Our family is trying to get more familiar with services so we can feel more comfortable at our son’s bar mitzvah. We’ve gone to Saturday morning services a few times and we’re so confused! It looks like a free-for-all. No one really stands still and everyone seems to make noise even when it’s supposed to be quiet. What’s going on?

— Trying to Be Polite

Dear Polite,

Welcome to services. Please rise. You may be seated. We continue silently. And so forth and so on.

A traditional Jewish service has a rhythm all its own, and it often seems at odds with basic decorum. We would expect to attend a sacred occasion like a synagogue service and sit politely. Sing when everyone else is singing. Stand up and stay still until told to sit back down. Yet, in a congregation full of veteran worshippers, that’s not really what happens.
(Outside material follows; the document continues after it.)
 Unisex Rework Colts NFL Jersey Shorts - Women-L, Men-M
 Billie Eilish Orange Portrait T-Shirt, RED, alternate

Let’s take a look at some of what’s going on around you at services.

The moving around

If you didn’t know any better, you would think you were in a room full of little kids who can’t stand still. In fact, when Jews daven, a Yiddish term for pray, they traditionally rock back and forth a little, or sway from side to side. This is also known by the Yiddish or English term shochling. It derives from a verse in Psalms, which says that when a person prays, all of his limbs and bones should also praise God. This helped set the stage for history’s first complete body workout. It’s not enough to simply stand still and recite some words. You’re supposed to get everything moving as well. In fact, during certain parts of the service, you might notice some worshippers really moving and rocking back and forth rapidly.

Now the questions that you didn’t exactly ask: should you also be moving like that? Is it polite to imitate what you see around you?

I would recommend that you continue to attend and become even more comfortable and familiar with the service and what you see around you. I bet you will start moving a little without even realizing that you’re doing it. The key is to feel part of the service rather than to perform some action artificially.

The noise

I’ve always thought that the most ironic phrase in services is “We now continue silently.” Any regular attendee at services knows there’s no such thing as really remaining silent. And I’m not talking about 97-year-old Morris Goldblatt who thinks he’s whispering but really needs a fresh battery in his hearing aid.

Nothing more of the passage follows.